Eigentlich nur die von der 560Ti, die anderen wären mir persönlich zu laut.
Wobei mir auch die 560 Ti zu laut ist.


----------



## Malkolm (13. Juni 2011)

*AW: Was heißt bei einer Graka Referenzdesign?*

Ich hatte die EVGA GTX 570 vor dem Umbau auf WaKü für einige Tage verbaut um zu schauen ob sie ok ist.
Ausgehend von diesem kurzen Zeitraum kann ich nichts negativen über die Referenzkühlung sagen. Subjektiv war sie unter Last kaum zu hören und dabei nicht übermäßig warm.
In einem LuKü-System hätte ich den Referenzkühler wohl nicht ersetzt.


----------



## watercooled (13. Juni 2011)

*AW: Was heißt bei einer Graka Referenzdesign?*

Ref Design ist für Wakü einfach geil


----------



## GoldenMic (13. Juni 2011)

*AW: Was heißt bei einer Graka Referenzdesign?*



Malkolm schrieb:


> Ich hatte die EVGA GTX 570 vor dem Umbau auf WaKü für einige Tage verbaut um zu schauen ob sie ok ist.
> Ausgehend von diesem kurzen Zeitraum kann ich nichts negativen über die Referenzkühlung sagen. Subjektiv war sie unter Last kaum zu hören und dabei nicht übermäßig warm.
> In einem LuKü-System hätte ich den Referenzkühler wohl nicht ersetzt.


 
Das ist einfach sehr subjektiv würde ich sagen.


----------



## HAWX (13. Juni 2011)

GoldenMic schrieb:
			
		

> Es gibt aber auch immer das Grunddesign.
> Wenn man zu blöd ist das richtige zu nehmen ist man wohl selbst schuld



Es gibt aber auch Leute die von Lukü auf Wakü umsteigen und das Problem haben


----------



## ruyven_macaran (13. Juni 2011)

*AW: Was heißt bei einer Graka Referenzdesign?*



GoldenMic schrieb:


> Warum leider?
> Zum glück!
> Auf diese unnötige Lautstärke hätte ich keinen Bock.

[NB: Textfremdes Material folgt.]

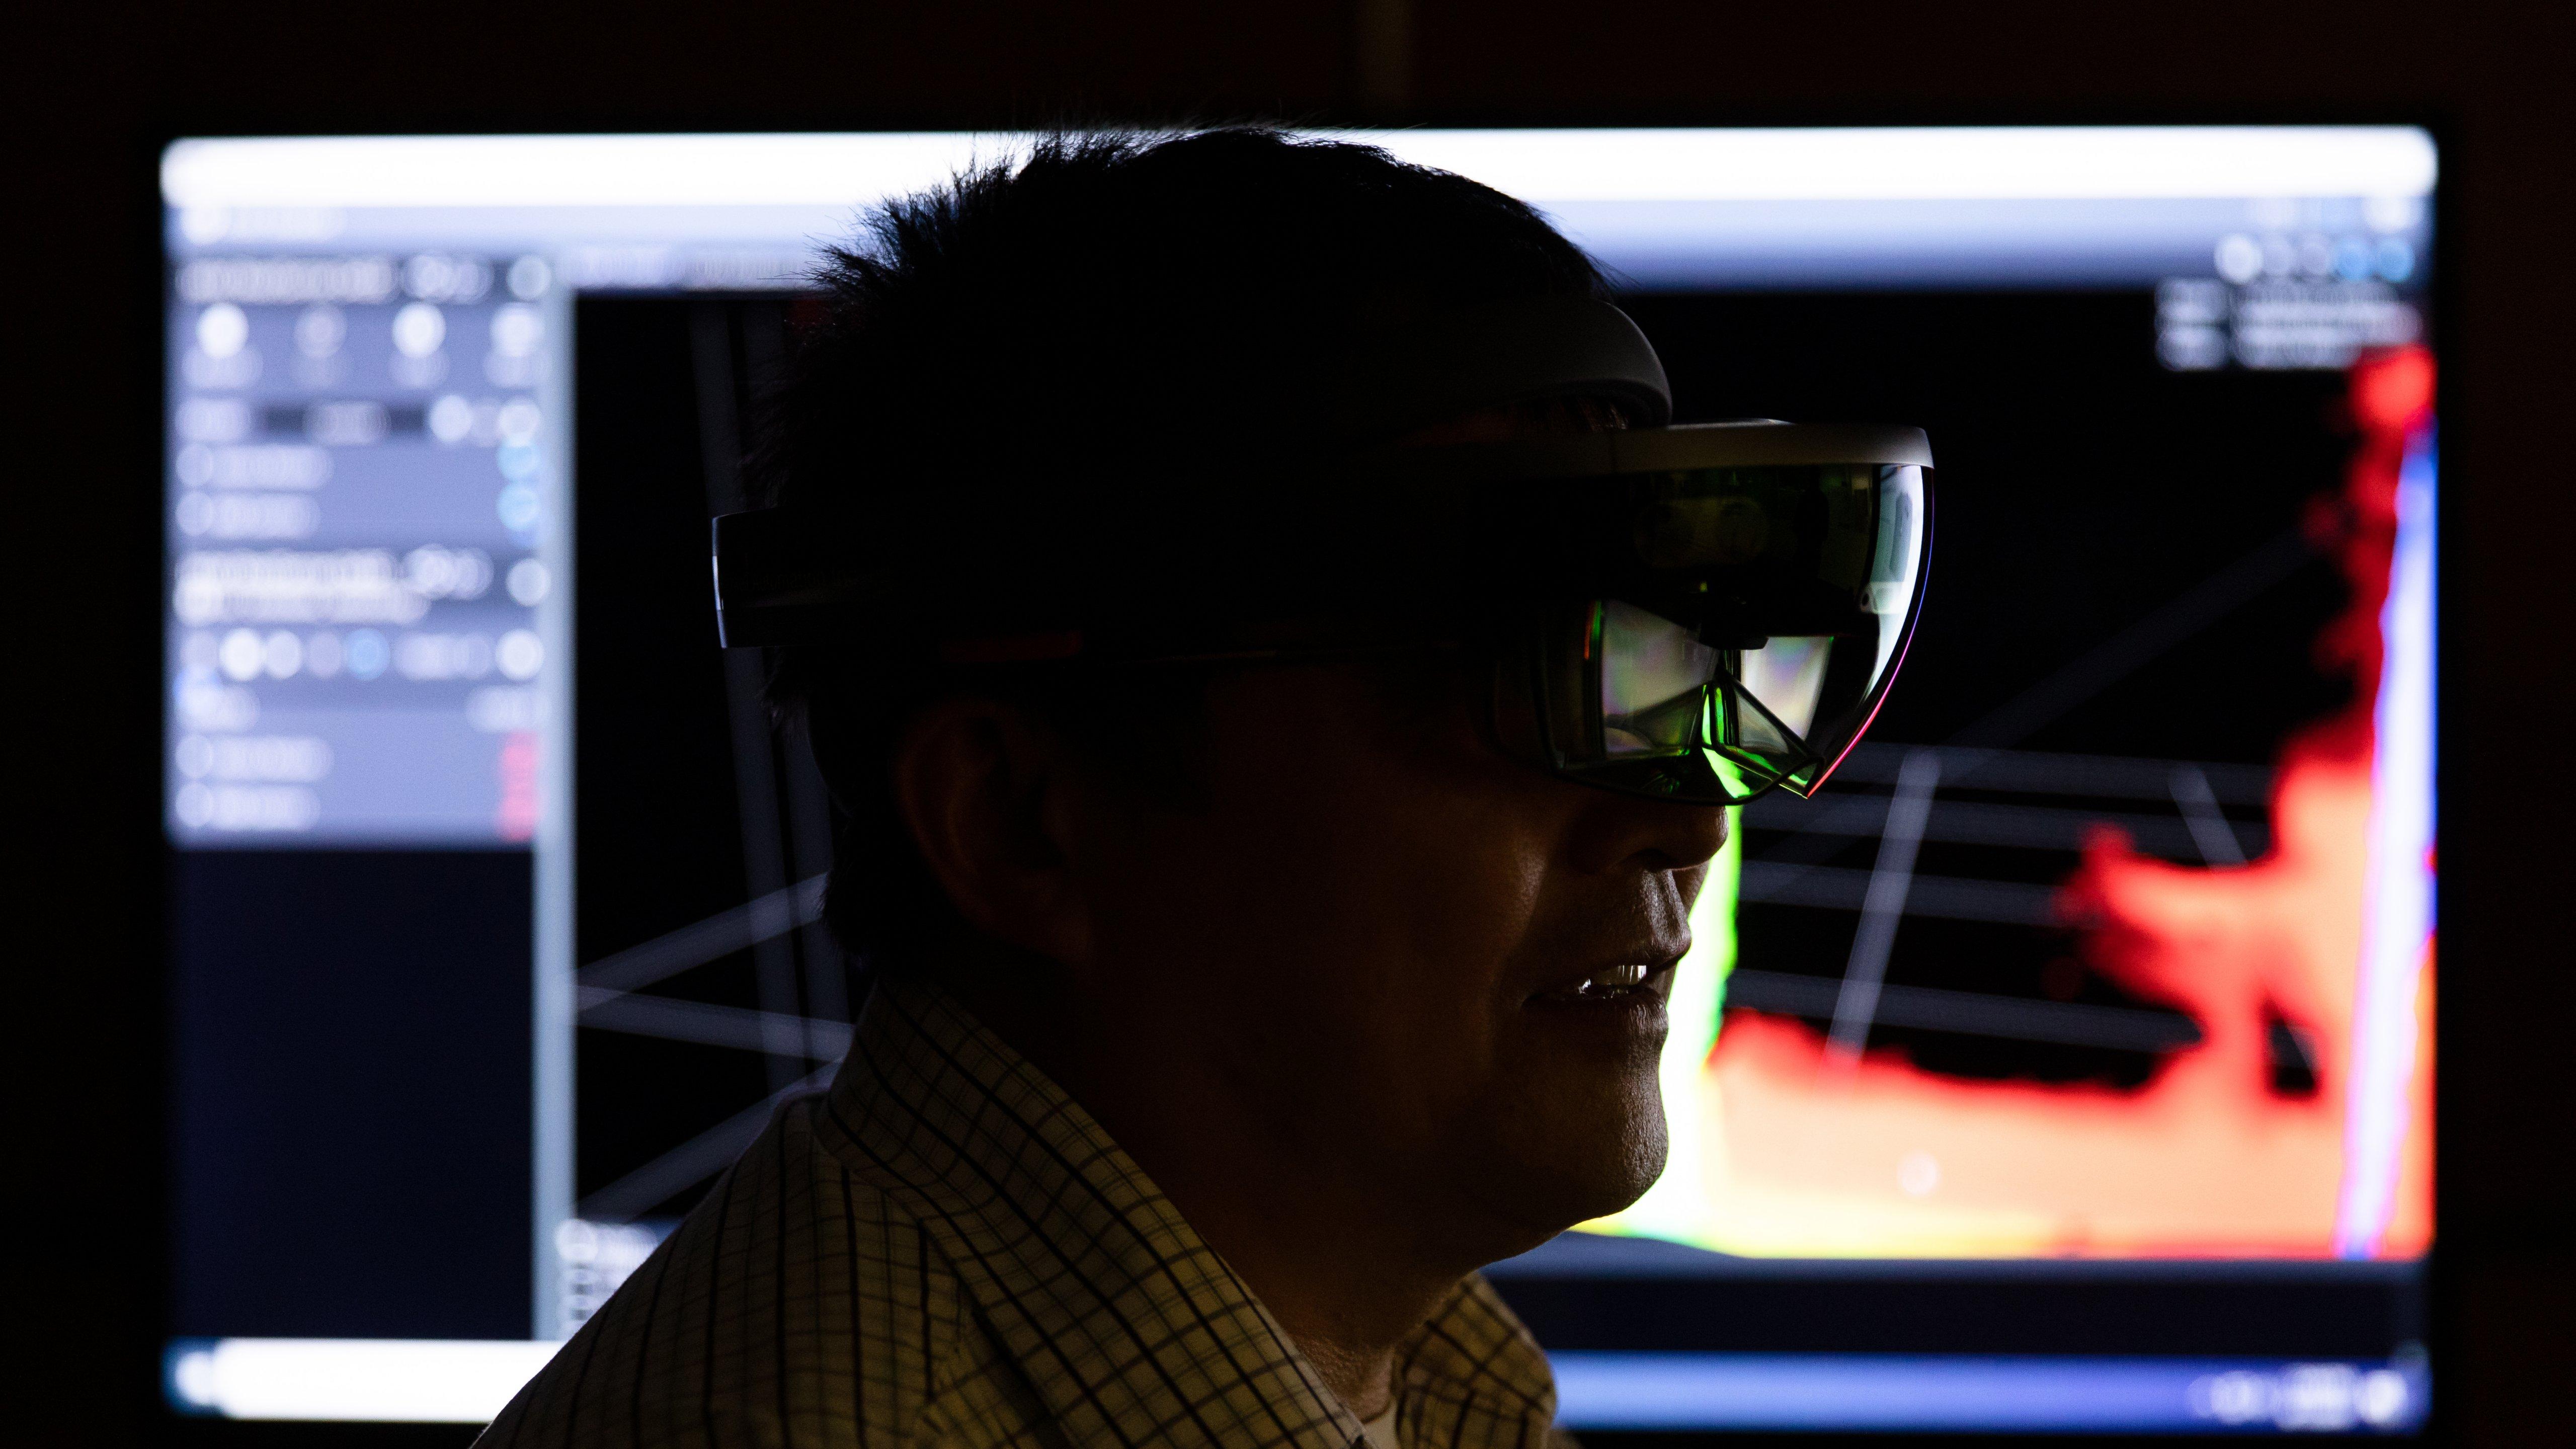 Digital 3D Models in industry environment
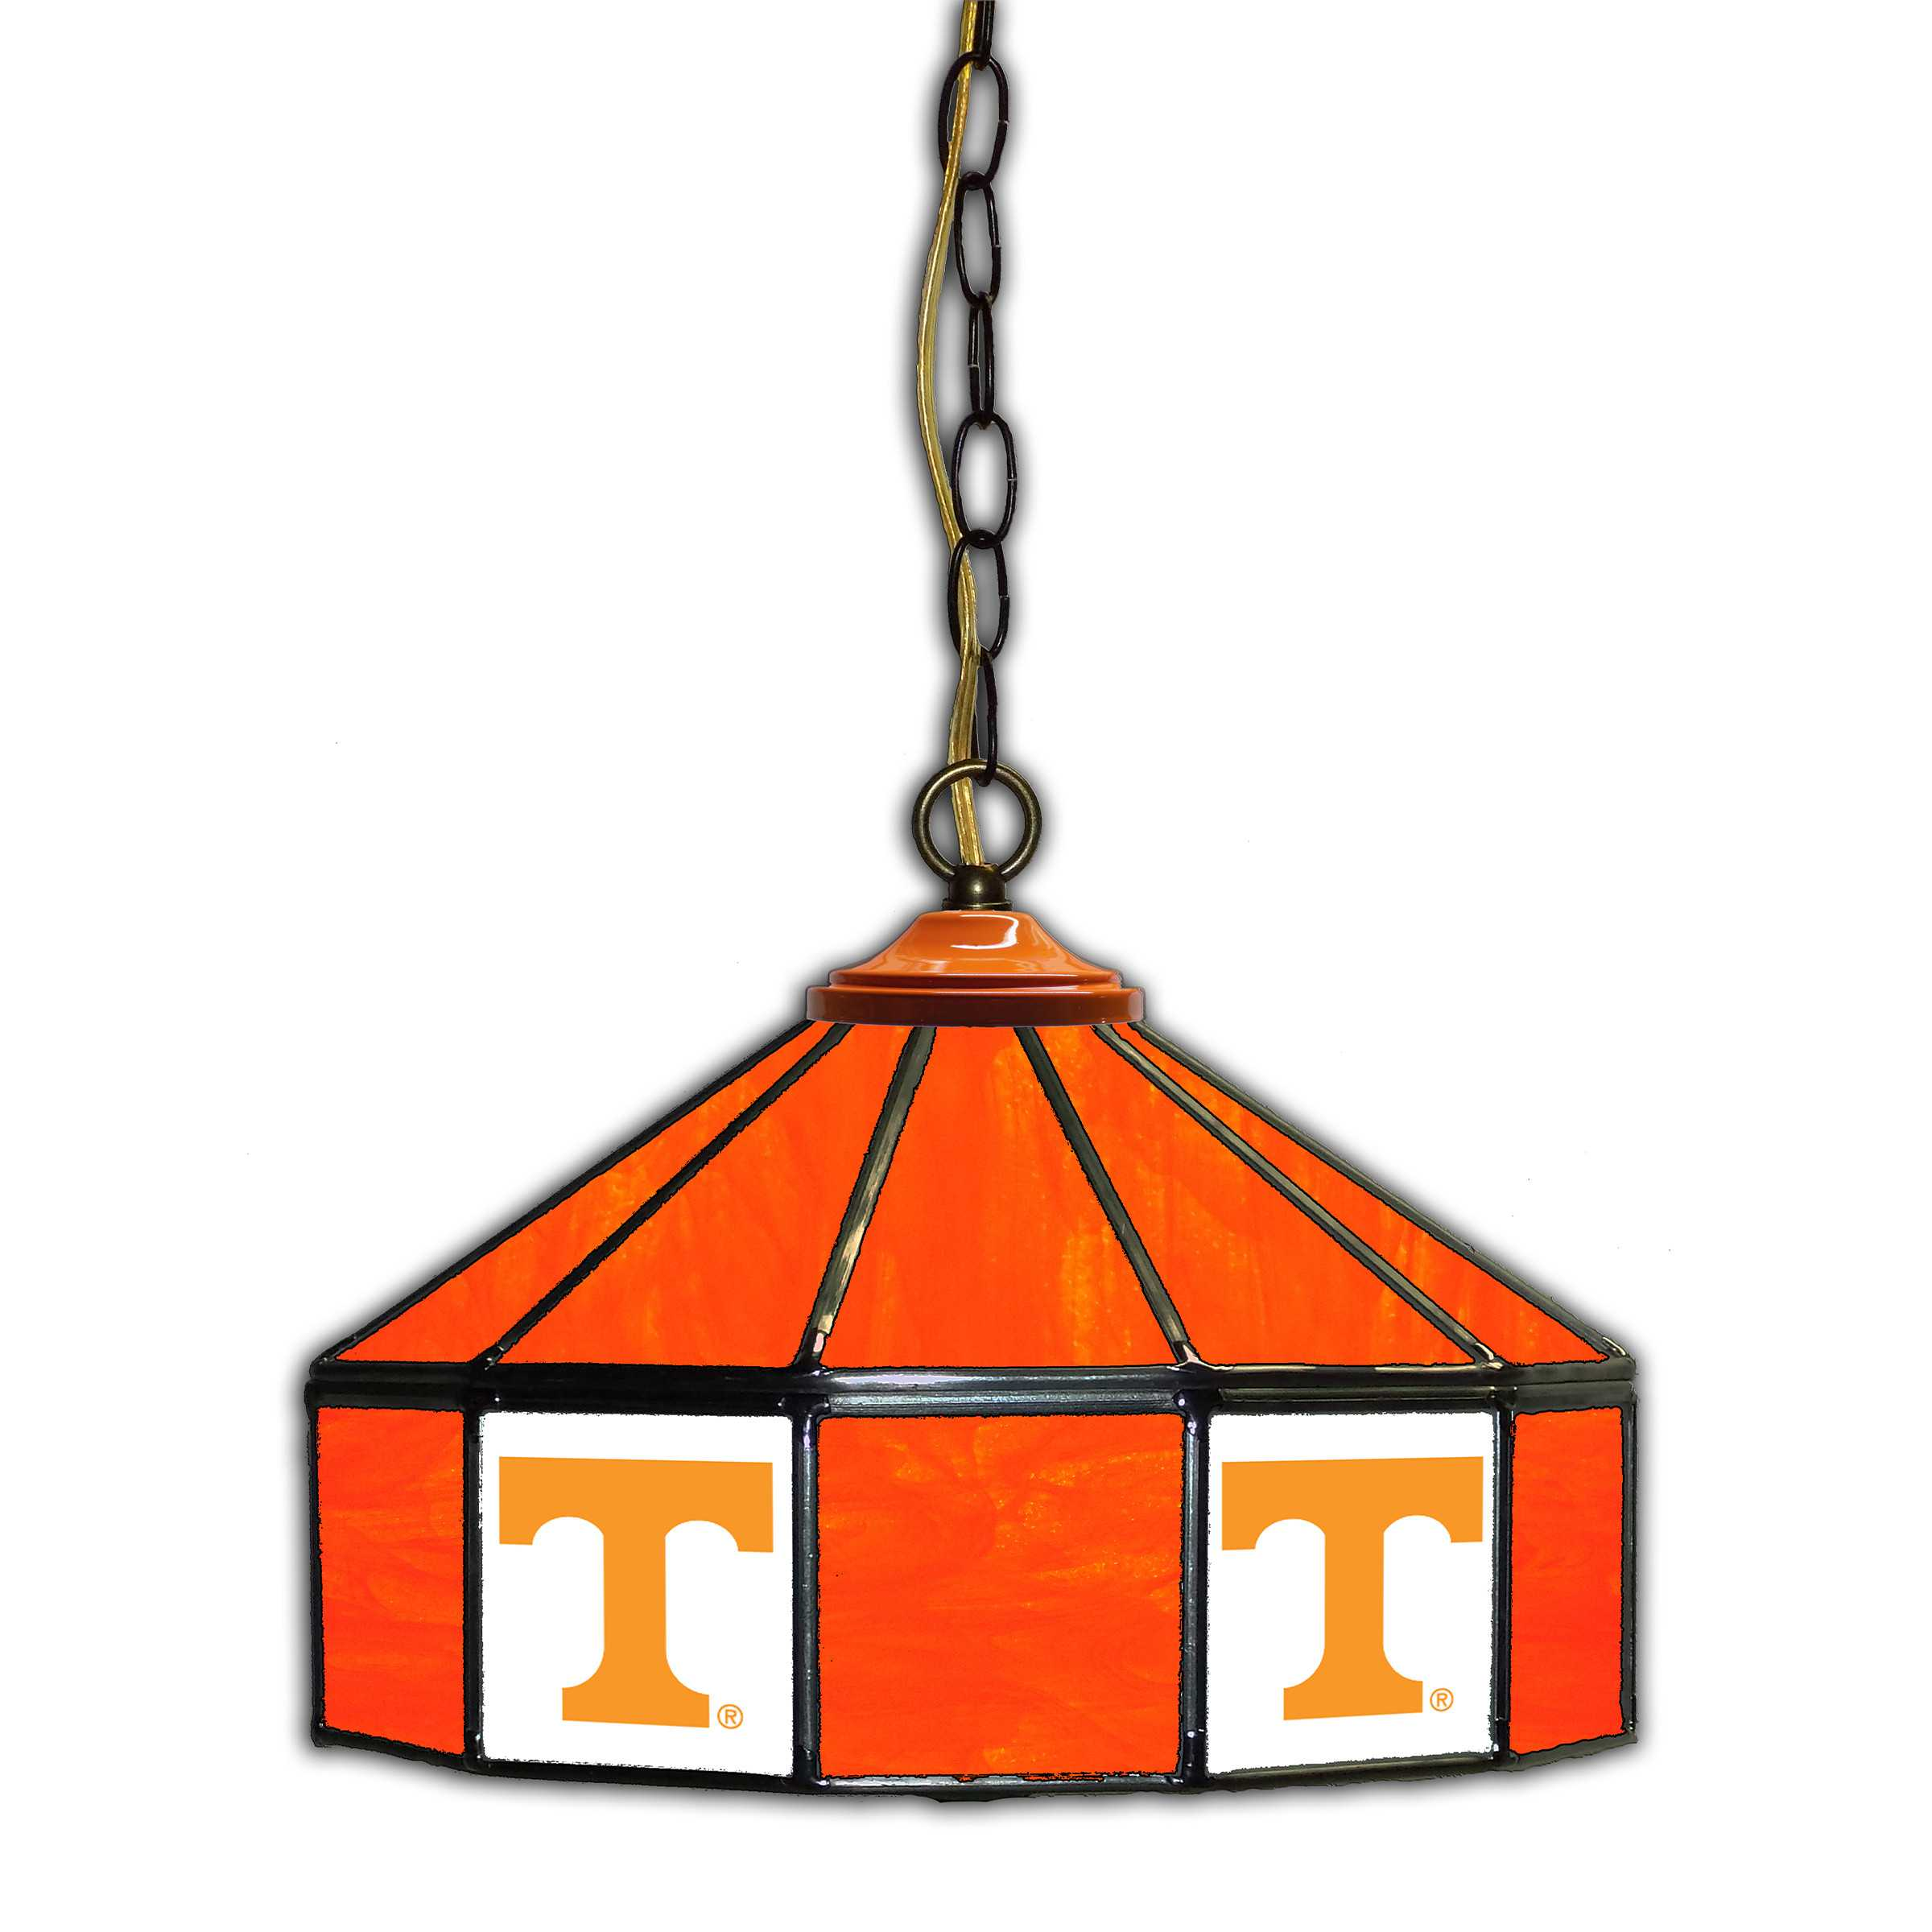 "UNIVERSITY OF TENNESSEE 14"" GLASS PUB LAMP"

Kanns sein, dass du im falschen Forum bist ?




GoldenMic schrieb:


> Es gibt aber auch immer das Grunddesign.
> Wenn man zu blöd ist das richtige zu nehmen ist man wohl selbst schuld


 
Das hat nicht viel mit Blödheit zu tun. 2-3 Monate nach Verkaufsstart (d.h. wenn die Preise auf ein akzeptables Niveau gesunken sind), gibt es z.T. schon keinen Hersteller mehr, der Oberklassekarten ausschließlich im Referenzdesign fertigt, viele haben ausschließlich zumindest leicht veränderte Layouts im Angebot. Und die Shops unterscheiden maximal nach der Kühlerverkleidung, können aber oft keine Angaben machen, was für ein PCB drunter steckt. Unter diesen Umständen eine Karte im Referenzdesign zu bekommen, kann äußerst schwierig sein und z.T. machen sogar die Hersteller Falschangaben. (mir mit meiner 9800GTX+ passiert. XFX hat behauptet, überhaupt keine non-Referenz zu produzieren und die Kühlerabdeckung war im Nvidia-Design. Als ich nach 2 Monaten auf Wasserkühlung umgerüstet habe, ging die Bastelei los, denn der Spannungswandlerbereich hatten nur noch die Schraubenlöcher mit dem Referenzdesign gemeinsam  )


----------